Di sisi lain perubahan hutan tropis ke bentuk penggunaan lahan untuk kepentingan pertanian terus berlangsung. Berdasarkan data statistik, untuk periode 1984 – 1995 luas hutan di pulau Sumatera mengalami penurunan sebesar 1,2% pertahun (BPS 1985, 1990, 1991, dan 1996). Sementara itu dari sumber yang sama, pertumbuhan lahan pertanian pertahun pada periode yang sama adalah 1,4% (Budidarsono S, 1999). Di samping itu peristiwa kebakaran hutan yang terjadi pada tahun 1992, 1997, 1998, dan 1999 juga berdampak berkurangnya luas hutan tropis dalam skala besar, khususnya di Sumatera dan Kalimantan. Berdasarkan siaran Bulletin malam RCTI pada tanggal 4 Agustus 1999 disebutkan bahwa di Sumatera terdapat 341 titik api.
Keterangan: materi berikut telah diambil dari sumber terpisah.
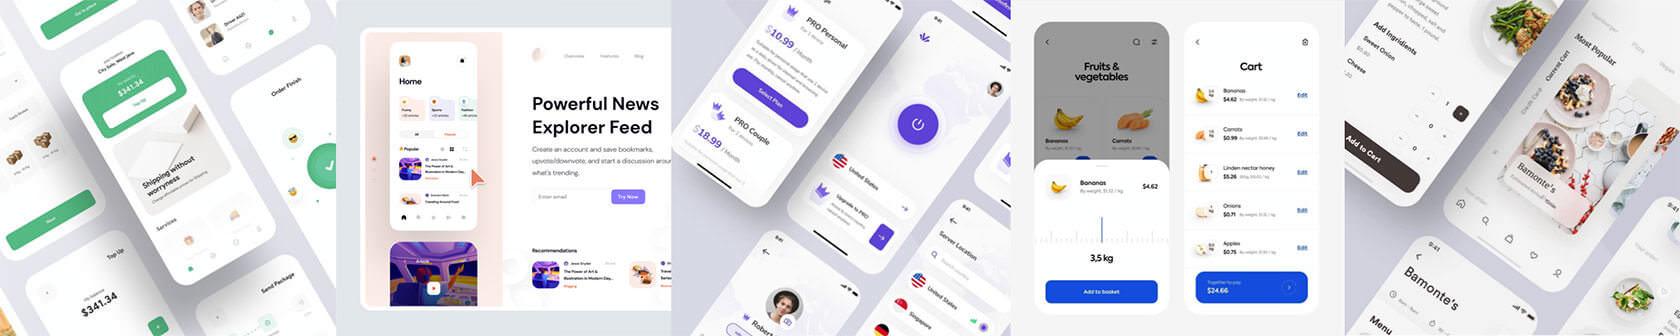 minimal-webdesign-guide-2

Untuk Provinsi Jambi, data yang dikeluarkan oleh Bapedalda Jambi dinyatakan bahwa terdapat sebanyak 19 titik api di Provinsi Jambi pada tahun 1999. Hal ini menunjukkan bahwa hutan sebagai sumberdaya alam yang banyak diakses terutama oleh masyarakat lokal untuk memenuhi kebutuhan semakin terancam kelestariannya dan setiap saat kawasan hutan terus mengalami pengurangan luas. Laju penurunan ketersediaan sumberdaya hutan merupakan satu kerangka untuk mengantar ke arah dan upaya memikirkan keberadaan sumberdaya alam lainnya.
Dalam kenyataannya pembicaraan mengenai pengelolaan sumberdaya alam khususnya kawasan hutan seringkali hanya menjadi wacana di tingkat permukaan (dengan bukti kecilnya perbandingan antara konsep/model yang dibangun dengan implementasi di lapangan) dan jarang mengakar pada tatanan basis yaitu masyarakat. Memang diakui sudah banyak konsep pengelolaan sumberdaya alam yang mengedepankan partisipasi masyarakat namun belum mampu menjawab persoalan laju penurunan baik dari aspek kuantitas maupun kualitas sumberdaya alam dimaksud. Hal ini disebabkan model-model atau konsep-konsep pengelolaan sumberdaya alam seringkali kesulitan dalam mendefinisikan masyarakat dan tidak tersosialisasi karena biasanya hanya melibatkan sebagian kecil masyarakat dimaksud.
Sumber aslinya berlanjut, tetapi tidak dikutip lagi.